Pennsylvania legislator justified high betting taxes
Reading Time: 2 minutes


Rep. Robert Matzie,  the Pennsylvania legislator who played a big role in drafting the sports betting legislation of the state, said the number of sports betting applicants and their eagerness to start business justify the high taxes imposed in the legislation.

As per the state’s legislation, the betting companies will have to part with 36 per cent of their earnings as tax. Still, the Pennsylvania Gaming Control Board (PGCB) received sports betting license applications from Hollywood Casino and Parx , committing the $10 million fee.

As far as state is concerned that’s enough to prove that the exorbitant 36 per cent sports betting tax rate is not too high for the market to bear.

Matzieis understandably jubilant: “Since the dominoes have begun to fall with the two filings, I think it’s inevitable the rest will also,”

Matzie was the sponsor of the original legislation that led to state-regulated sports betting in Pennsylvania.

Voters have something to thank him for, but the sports betting companies may not be quite so enthusiastic.

They will be hoping that over time, PA lawmakers will revisit the tax issue and bring taxes into line with those in Nevada (6.75 per cent) or New Jersey (8 per cent in casinos and racetracks, 12 per cent for online sports betting).

Matzie isn’t offering any support for their position: “I thought all along it was a non-starter to open anything up [in terms of the tax rate], and I think this pretty much puts the nail in the coffin.”

Matzie originally had the sports betting tax rate at 18 per cent, the same as the table games rate. After further examination, the rate was simply doubled because sports betting was considered to be more similar to slots, which are taxed at 54 per cent.

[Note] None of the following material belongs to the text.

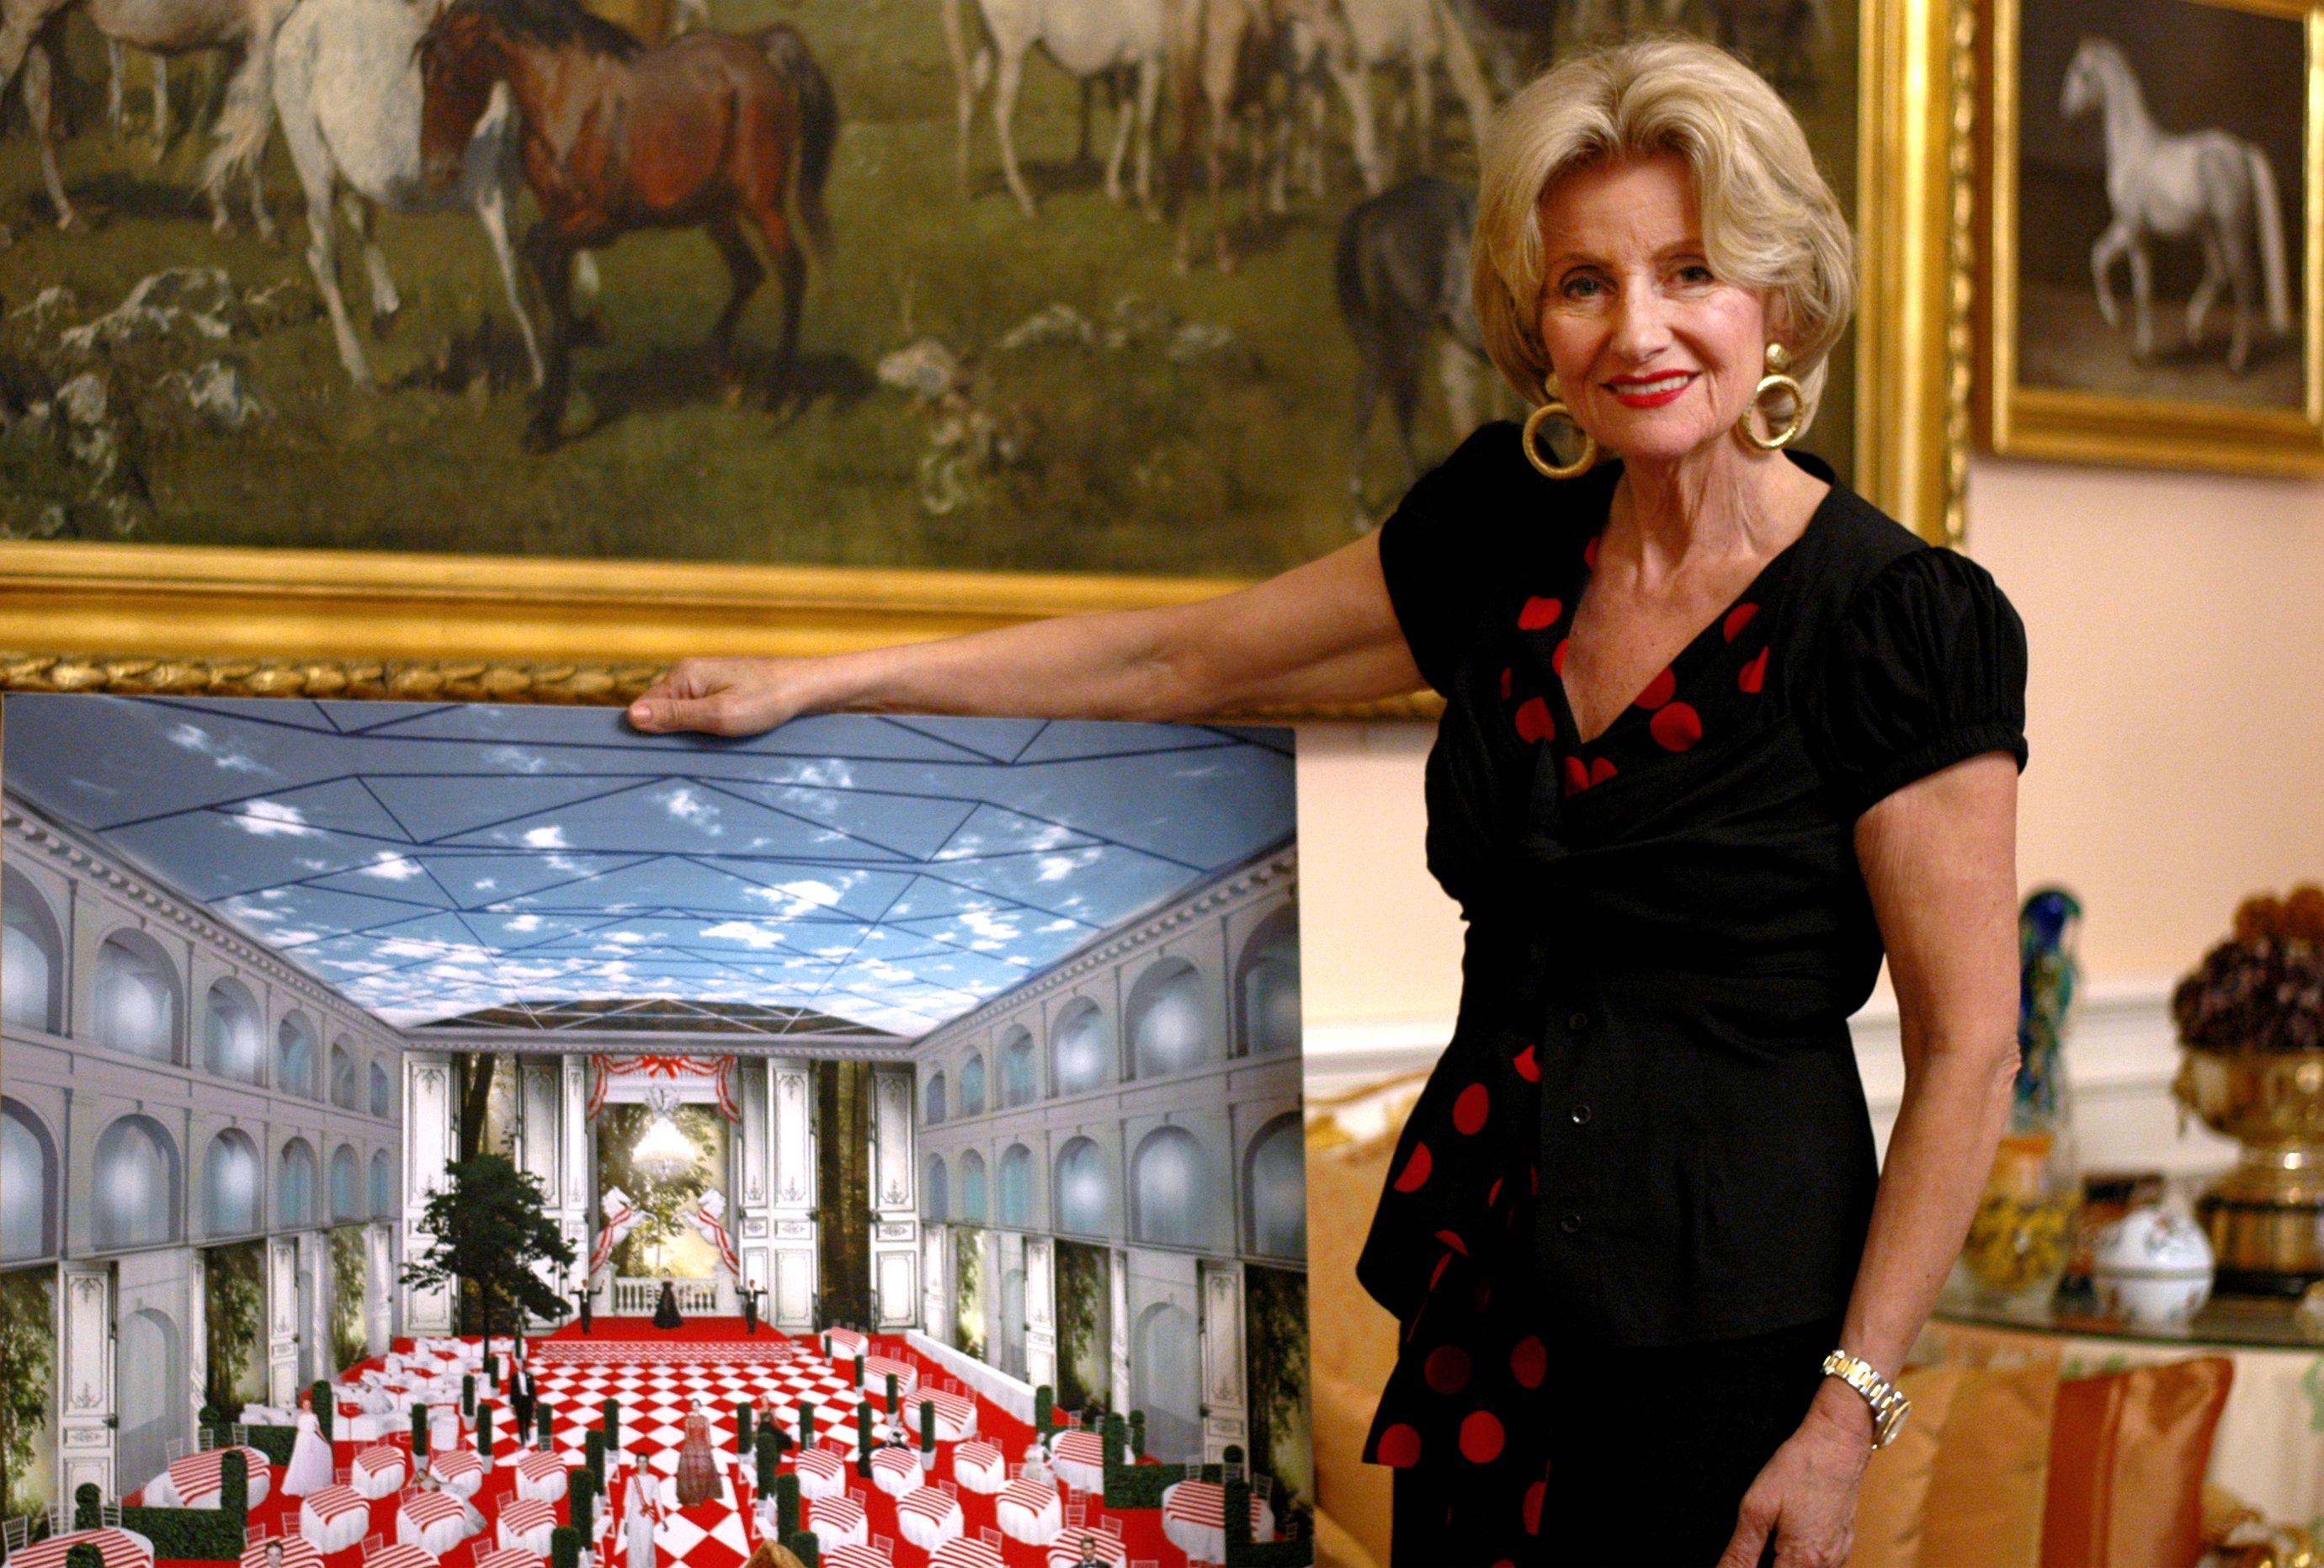 Elisabeth Gürtler, Generaldirektorin der Spanischen Hofreitschule und Veranstalterin der Fête Impériale, im Gespräch mit dem FÖHR-Goldstuhl
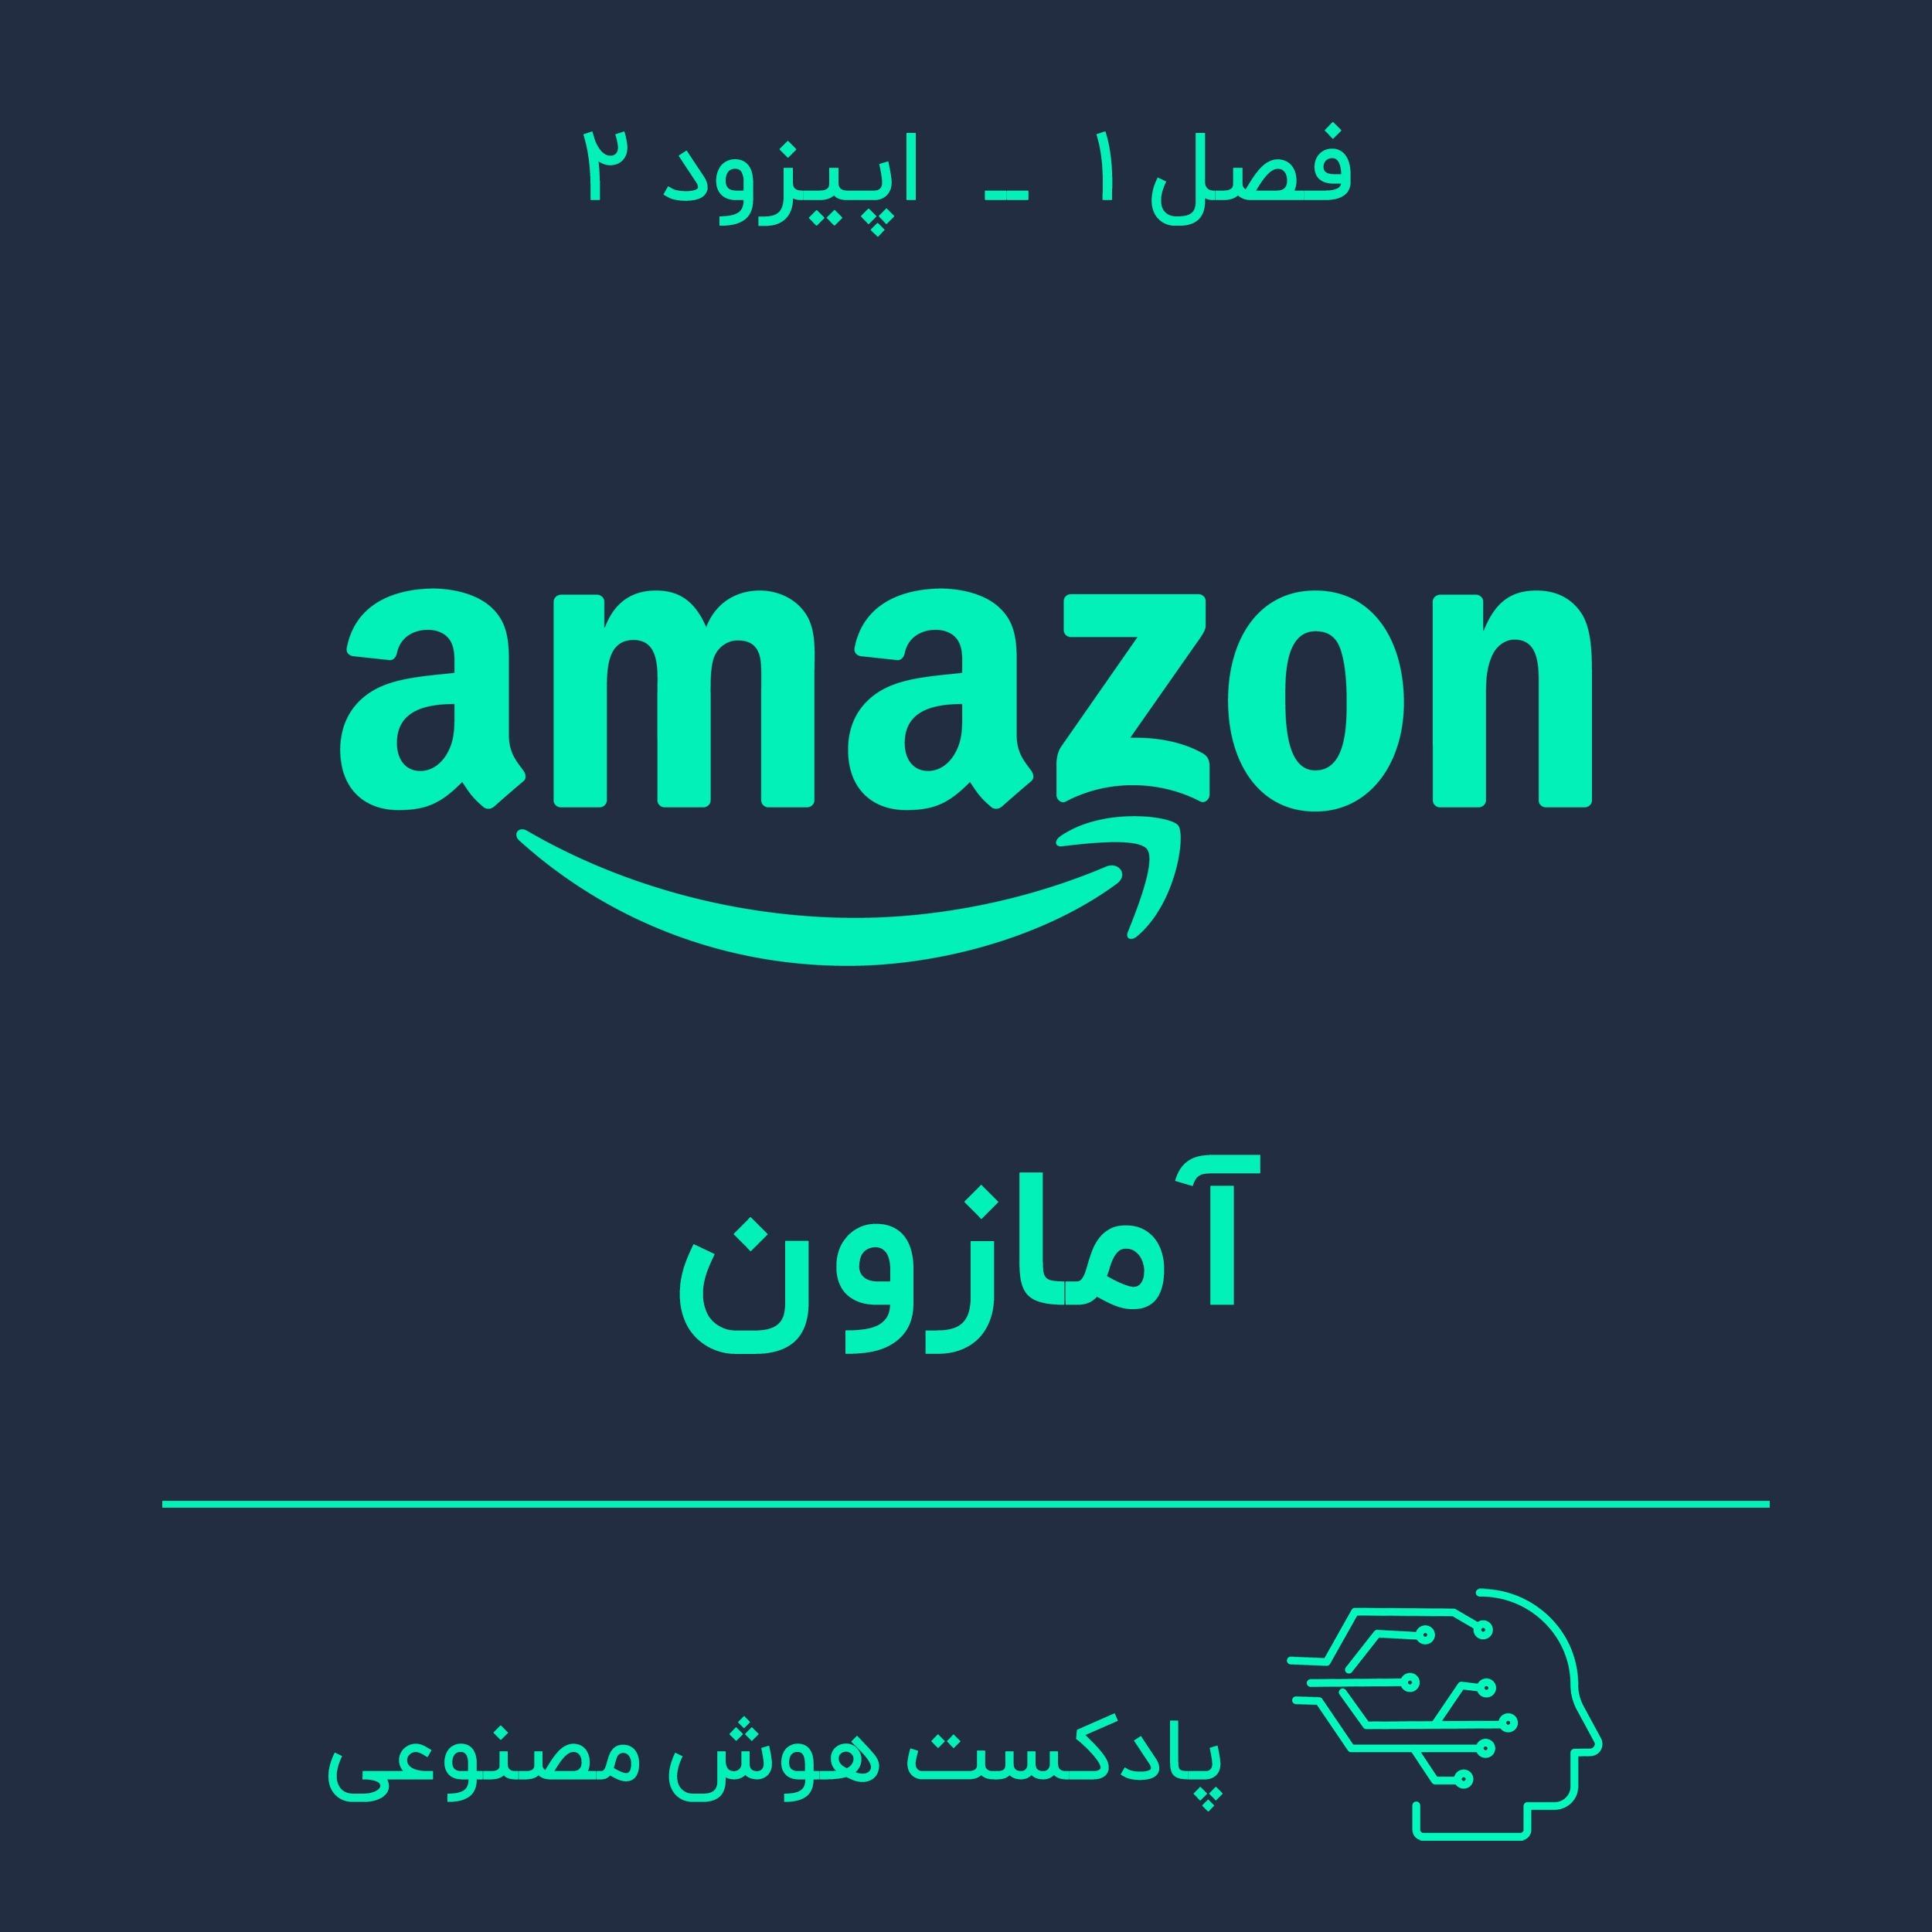 هوش مصنوعی در کسب و کار — بخش دوم: آمازون

Matzie should not be too quick to gloat over casinos paying the high tax rate. The enthusiasm of casinos to apply for sports betting licenses doesn’t mean that the high taxes are workable for them.

If the experience of regulated sports betting in Europe is a guide, then the short-term future does not look good.

After five years of regulated sports betting in France, only three sports betting operators had managed to make a profit in any quarter. France has taxes that are roughly at the same level as Pennsylvania.

Players also react to high taxes.

In France, around 40 per cent of sports bettors ignore the nationally regulated sites to play at unregulated sites which offer better odds. In Portugal, which has taxes set at 16 per cent of sports betting handle, the figure is even worse.

A report from Copenhagen Economics states that only 52 per cent of online gambling in Portugal takes place at nationally regulated sites.

In the UK and Denmark which have 15 per cent and 20 per cent tax rates respectively, only a few per cent of players play at unlicensed sites.

The knock on effect is significant. Copenhagen Economics found that state tax revenues start to reduce when taxes get over 20 per cent.

The 36 per cent rate in Pennsylvania may look good to lawmakers, but state budget accountants would not be as impressed.